Nevertheless, while earlier evidence on the impact of PGWP on retention rates has been inconclusive, more recent data indicated that the total numbers of PGWP beneficiaries who have acquired permanent residency of Canada is growing rapidly, with their number more than doubling over the period of 4 years (from 10,215 in 2015 to 24,535 in 2018).[96] 

In terms of labour market outcomes for PGWP beneficiaries, available evidence is again inconclusive. The 2010 programme evaluation report noted that following the 2008 change to the programme (lifting the requirement of a job offer related to the graduates’ field of study) it has been difficult to evidence what kind of work PGWP have been taking up and whether the programme has indeed provided them with valuable work experience.[97] A later internal Citizenship and Immigration Canada report reviewing the years 2008-2014 apparently found that over a third of graduates employed through the PGWP were in low-skilled jobs in the service sector, and had median earnings that were less than half of other recent university and college graduates.[98]

Additionally, other challenges to the programme were pinpointed. The 2010 evaluation report also noted reported fraud and misuse of the International Student Programme. The extent to which this was taking place was however unclear due to a lack of data and consistent reporting. The main concerns raised around abuse of the programme were non-genuine students and questionable educational institutions. It was noted that Citizenship and Immigration Canada, the body issuing the permits, did not have a complete inventory of legitimate educational institutions in Canada, nor the authority to ensure their quality.[99] Furthermore, the internal Citizenship and Immigration Canada report mentioned earlier apparently found that the programme was indeed creating a low-wage workforce, encouraging low-quality postsecondary programmes, and needs to be redesigned.[100]

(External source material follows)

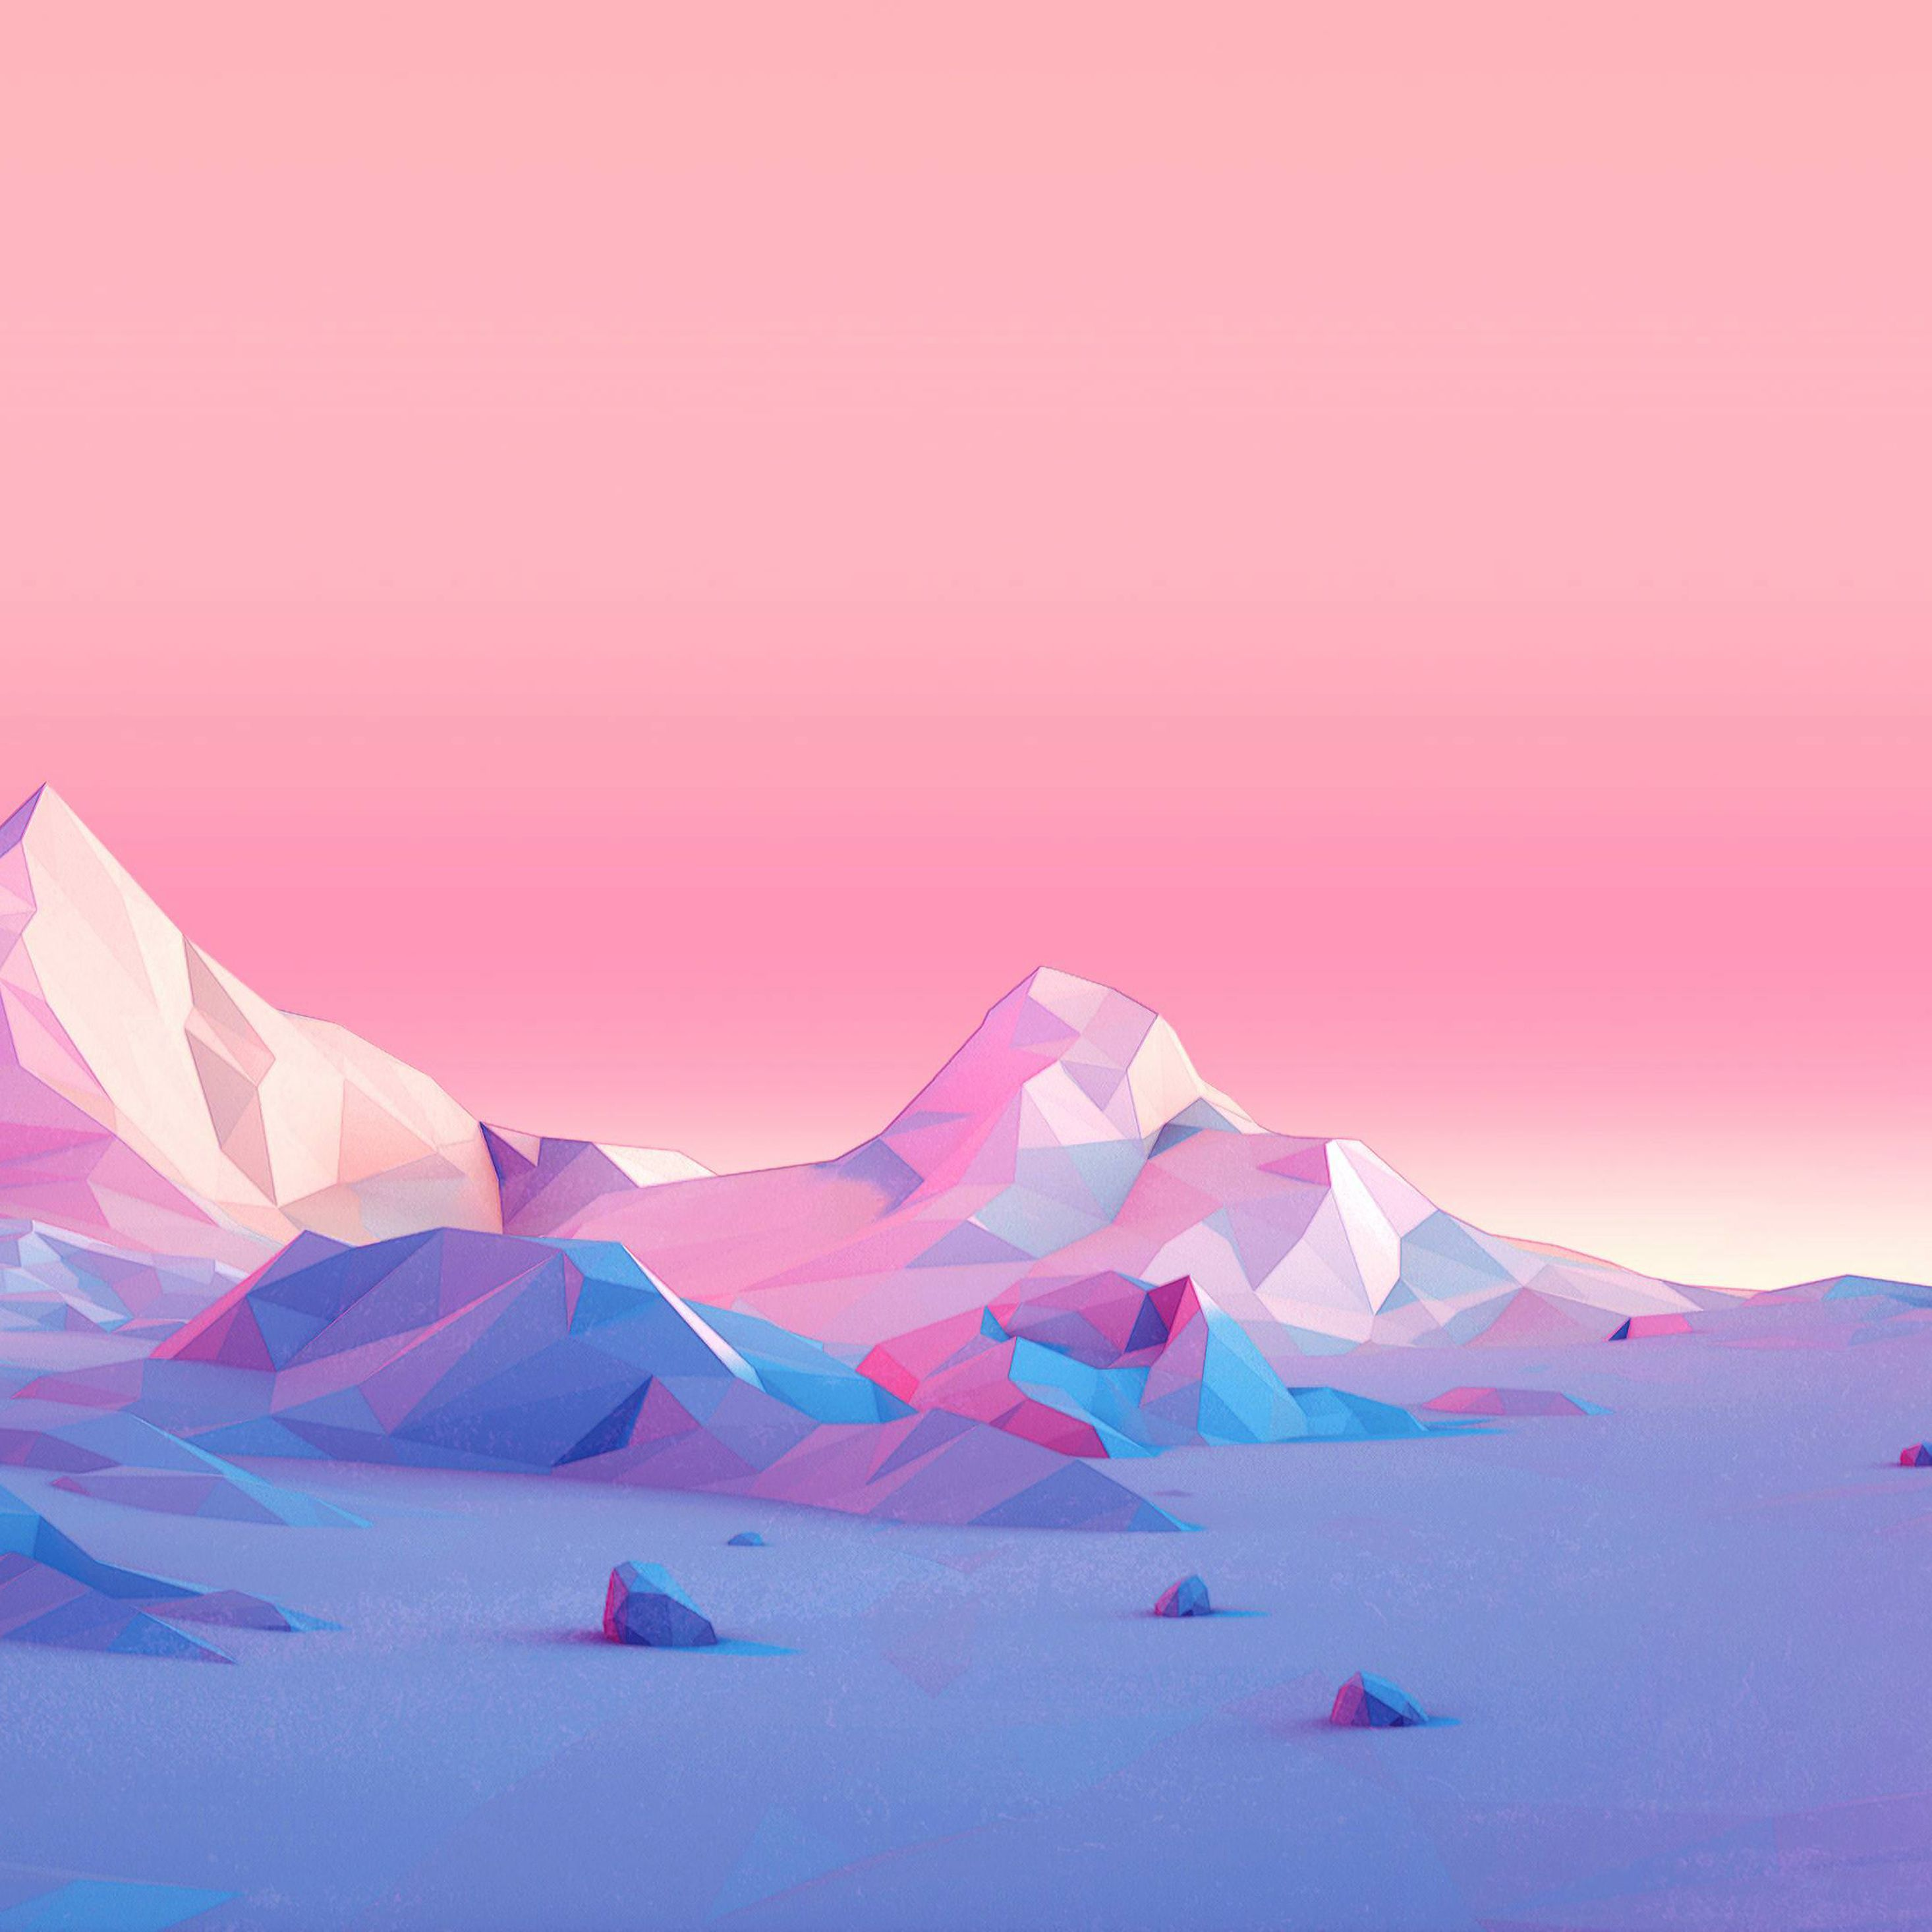 Minimalist Ipad Wallpapers Top Free Minimalist Ipad

Canada tracks international students’ pathways and changes to/from particular immigration schemes as well as geographical location. Relevant datasets are published on the Canadian government website.  Data on permanent stays of students who were holders of a PGWP is publicly available for the period of January 2015 – February 2019.[101]

New Zealand

Policy context

Immigration is a central aspect of New Zealand’s (NZ) economic and social policies. NZ has been struggling to maintain a stable population due to high levels of outflow of its native population to other countries (Australia and the UK in particular). Since the introduction of the points-based system in 1991, New Zealand’s immigration policy has been focused on selection of migrants based on economic and related socio-demographic characteristics as well as skills. However, the 21st century brought about significant shifts in NZ’s immigration policy development and implementation. While a consistently high volume of immigration is deemed vital to NZ's ‘demographic viability’, retention of immigrants has been a long-standing issue for the country. This led to an extensive public consultation in 2004-2005, a review of NZ's immigration policy in 2006, and the implementation of a new and more flexible immigration law in 2009. It provides a framework for a more flexible immigration system enabling policy responses to the changing needs of the country, including the increased need for particular skills and attracting global talent. NZ currently focuses its immigration policy on ensuring the economic and demographic needs of NZ are met but at the same time its workforce is protected from unfair competition and abuse.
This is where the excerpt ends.